# Good Times Bad Times - tutorial



## maplebaby (Oct 26, 2008)

Led Zeppelin's classic: a quick look at how i play this great tune......thanks for watching!

guitar - Fender Telecaster

[video=youtube;DOlSPCOOnWM]http://www.youtube.com/watch?v=DOlSPCOOnWM[/video]


----------



## cheezyridr (Jun 8, 2009)

good one!!


----------



## greco (Jul 15, 2007)

Thank you very much for taking the time to do all of these tutorials. 
I ALWAYS enjoy them and appreciate that you post thread on this forum.

My friend (and GC forum member) often says to me "Did you see the latest maplebaby tutorial?" 

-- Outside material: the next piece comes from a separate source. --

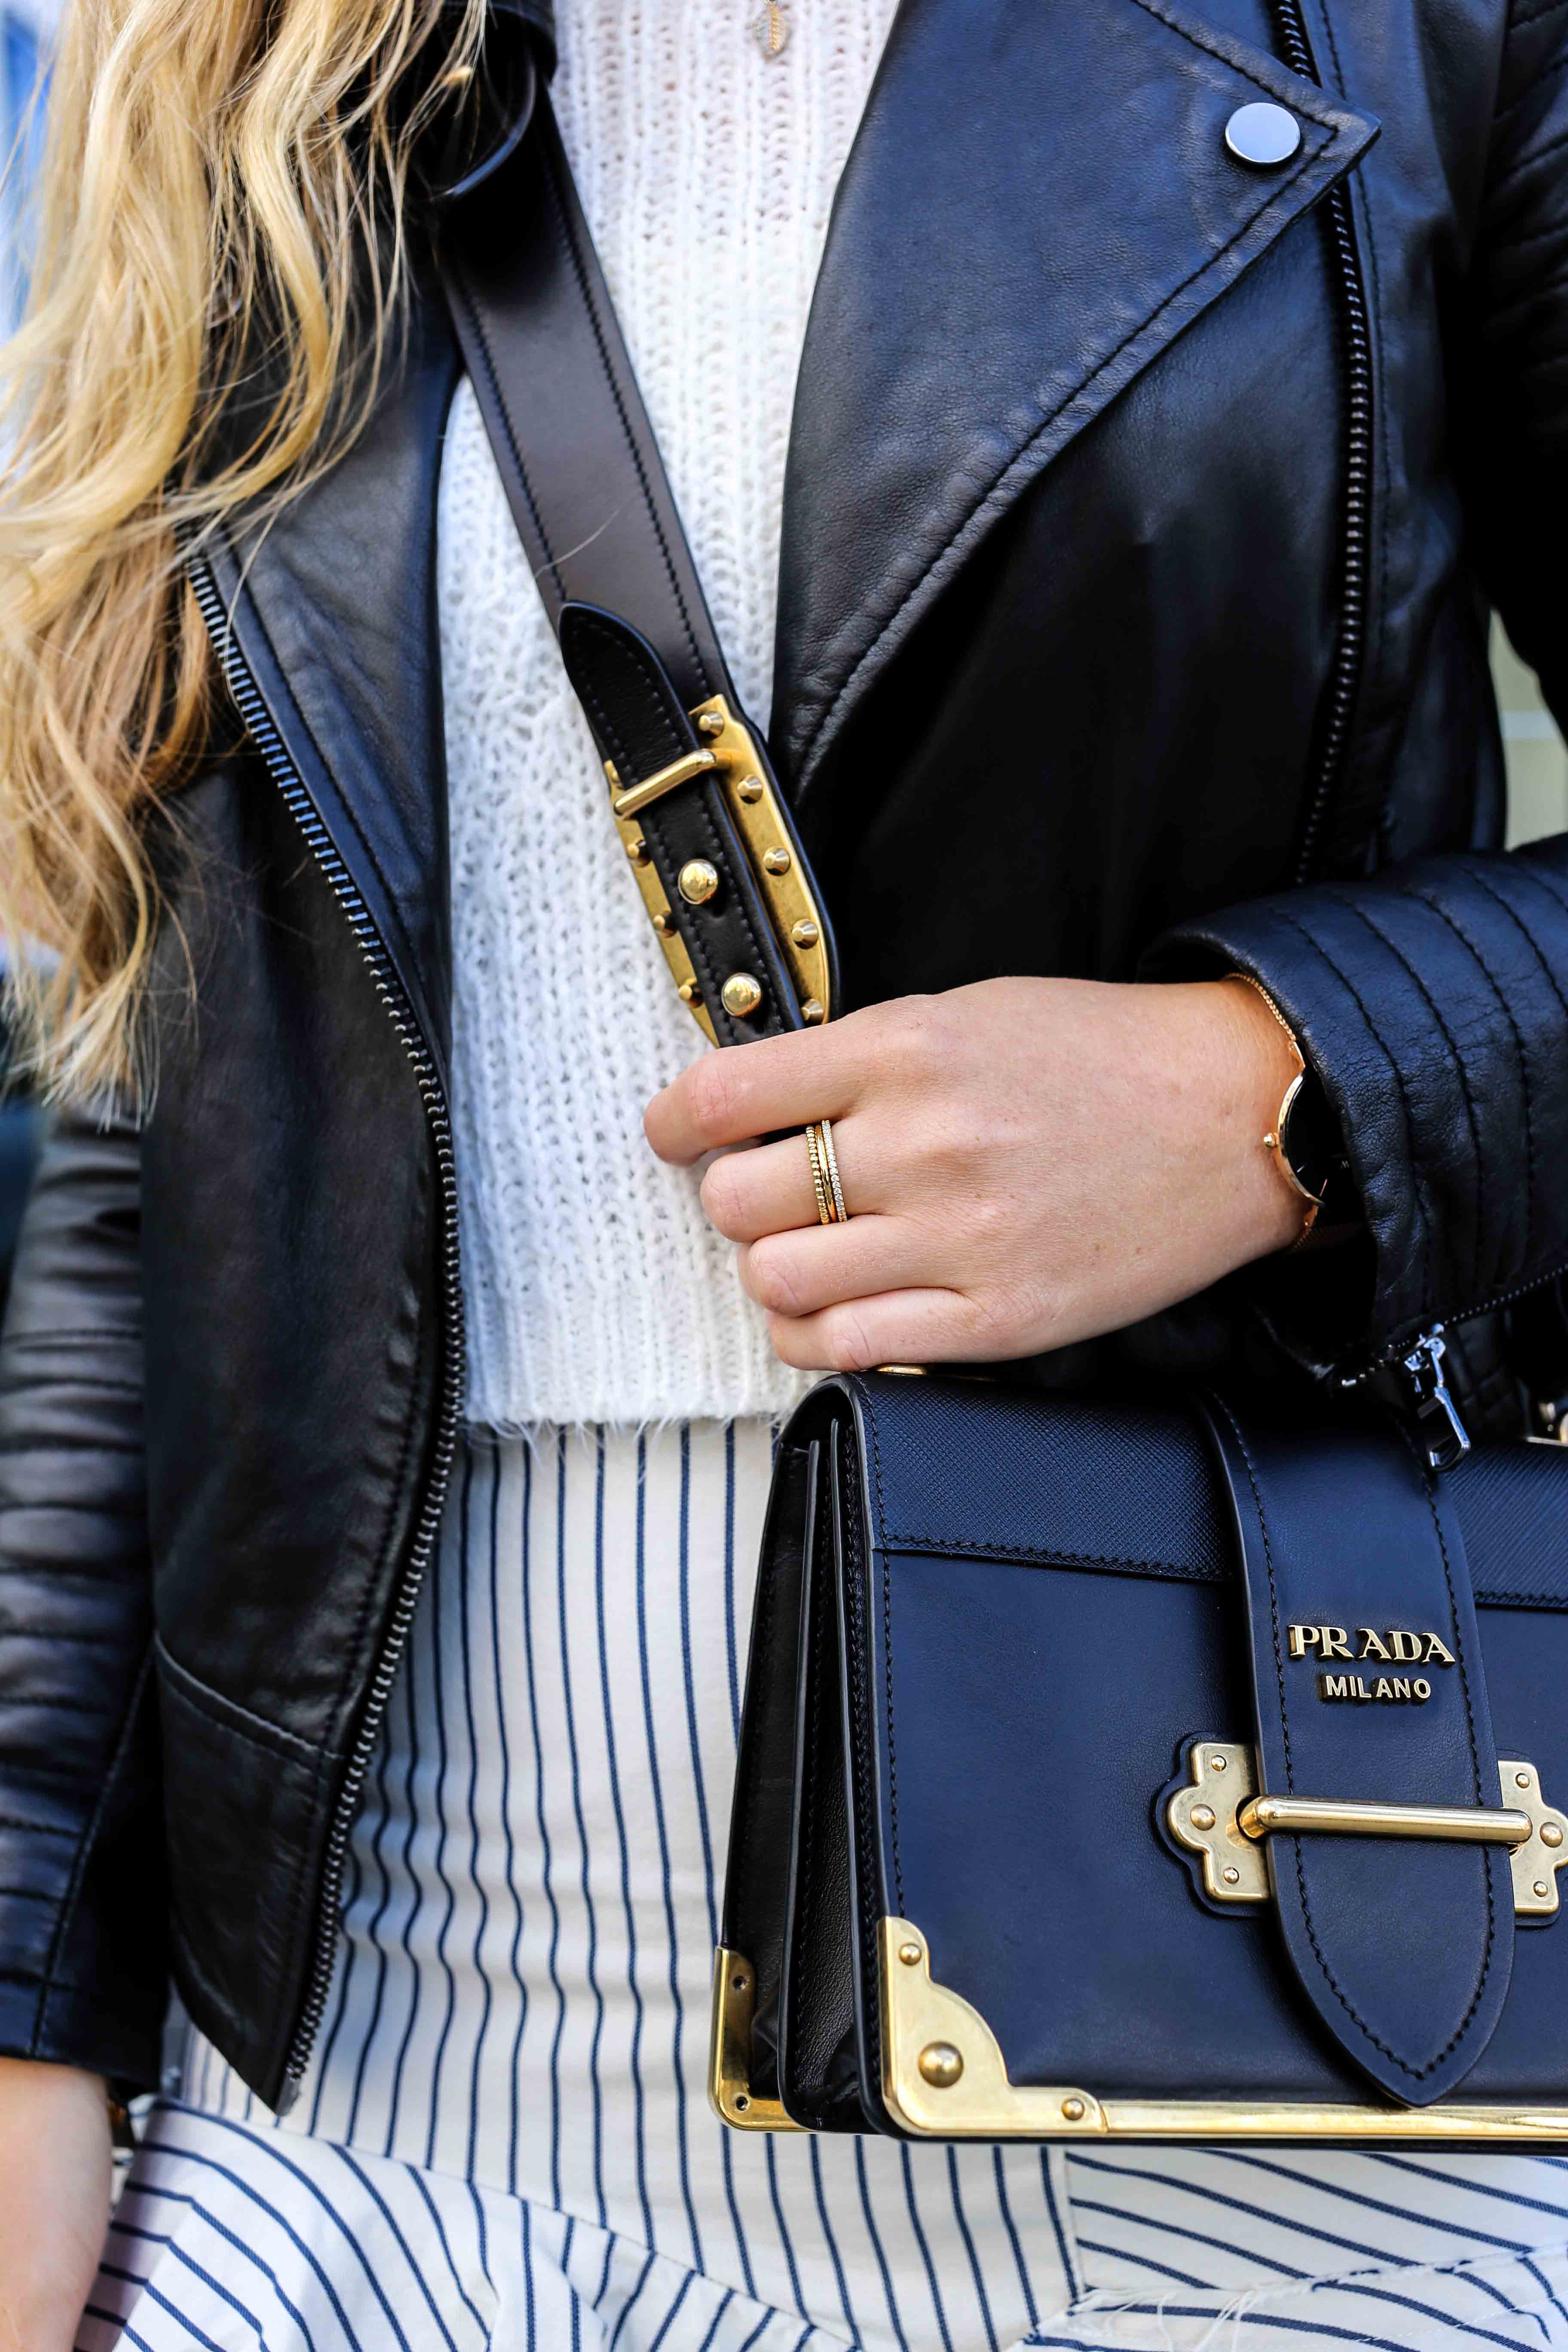 Fashion Week Outfit Berlin Prada Cahier Bag schwarz Thomas Sabo ringe gold Lederjacke Streetstyle Modeblog 2

You are a very skilled player and teacher!

Cheers

Dave


----------



## dodgechargerfan (Mar 22, 2006)

That's great!

I like too that you use the "old school" barre chords because I know them.

I have found that reading tabs, and even when I can figure out notation, you see the notes that need to be played, but it's difficult for me to recognize that you can use a very familiar shape and just play part of it to get what you need.


----------



## ThePass (Aug 10, 2007)

Nice vid! I love that song. You nail it.


----------



## maplebaby (Oct 26, 2008)

hello gentlemen and your kind posts are greatly appreicated....hope everyone is very well,

dale


----------